Concern: District Reading Improvement Program   

The text of the Alaska Reads Act includes a regulation that the Department of Education and Early Development should revisit considering data that suggests that the statewide literacy screener may not achieve its purpose: identifying students struggling to read and beginning intensive intervention as early as possible. The research shows that students who fail to read by age nine struggle in fourth-grade coursework and often never catch up to their peers, which makes identifying and beginning intervention quickly all the more urgent. 

4 AAC 06.400 (b) states that “each school district shall assess all students in kindergarten through grade three each fall using the statewide screening tool as provided in AS 14.30.760.” Screening all K-3 students for reading deficiency in the fall of each year is good practice, as it is likely to identify students who had a reading deficiency at the end of the previous school year or lost progress during summer breaks. Students identified with a reading deficiency in the fall are given intensive reading interventions as required under 4 AAC 06.405 and must take winter and spring screenings to assess progress and measure growth. 

However, 4 AAC 06.400 (b)(2) states that the initial fall assessment is also used to “identify students with sufficient reading skills, who are not required to take a winter or spring assessment.” This does not follow best practices established by states such as Mississippi and Florida, which have had astonishing success with their early literacy policies in part because they require screeners to be administered at least three times yearly. Florida requires screenings for K-2 students within “the first 30 instructional days of the school year (PM1), midyear (PM2), and within the last 30 days of the school year (PM3).” The Foundation for Excellence in Education, a national think-tank, notes that “Universal early literacy screeners should be administered three times per year with progress monitoring along the way for all K-3 students.” 
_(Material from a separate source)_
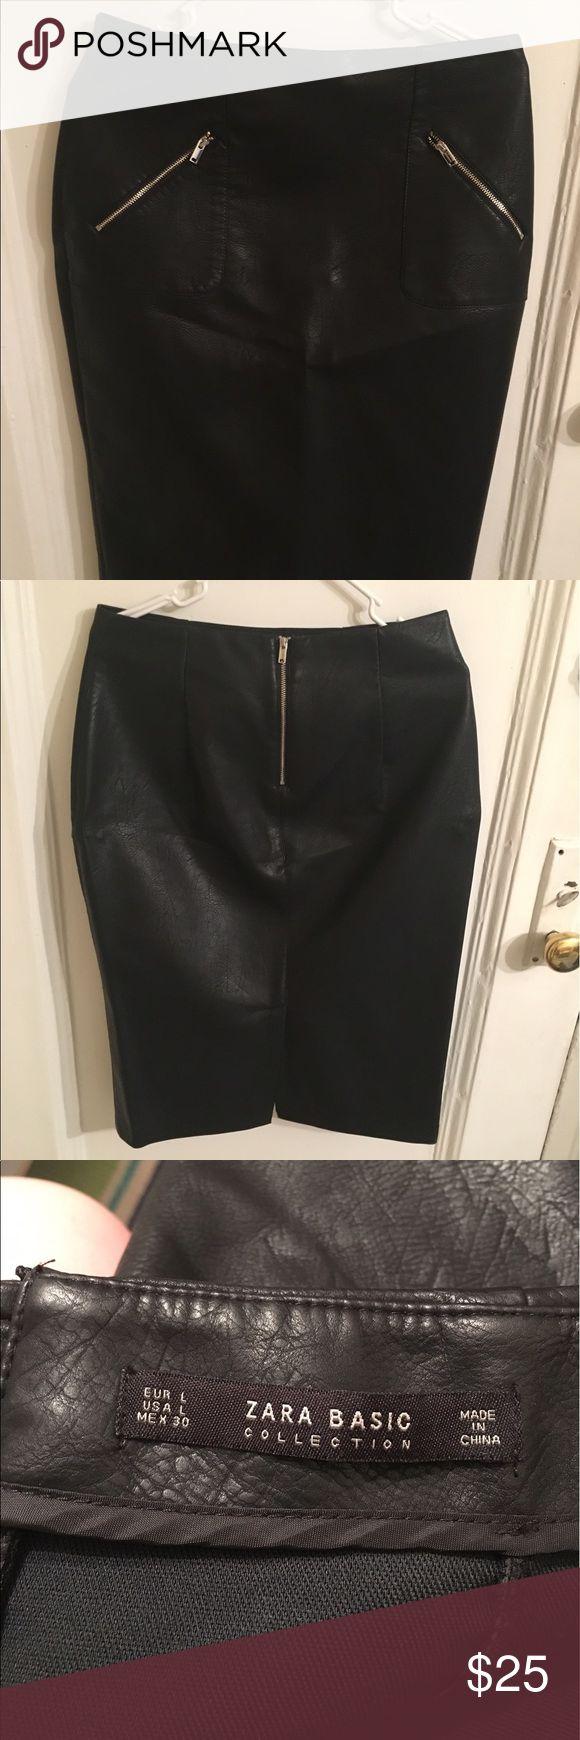 Zara black faux leather pencil skirt Beautiful black faux leather pencil skirt with zipper details Zara Skirts Pencil

All K-3 students should be administered the early literacy screener in the winter and spring, not only students identified with reading deficiencies on the fall screener. Tracking growth and regression remain important for students who may pass the screener in the fall but regress with a reading deficiency in the winter or spring. Students who are identified at any point — whether at the beginning, the middle, or the end of the school year — deserve to receive intensive intervention under 4 AAC 06.405 as early as practical after they are identified as reading deficient. Further, reporting requirements under 4 AAC 06.400 (c) should include the scores of all three yearly administrations of the literacy screener, not just the fall screener. 

While many students will be identified through the required fall screener, the regulation as currently written risks allowing students to slip through the cracks if they begin to struggle within the school year, as districts are not required to administer winter and spring screenings to students who demonstrate sufficient reading skills on the fall screener. 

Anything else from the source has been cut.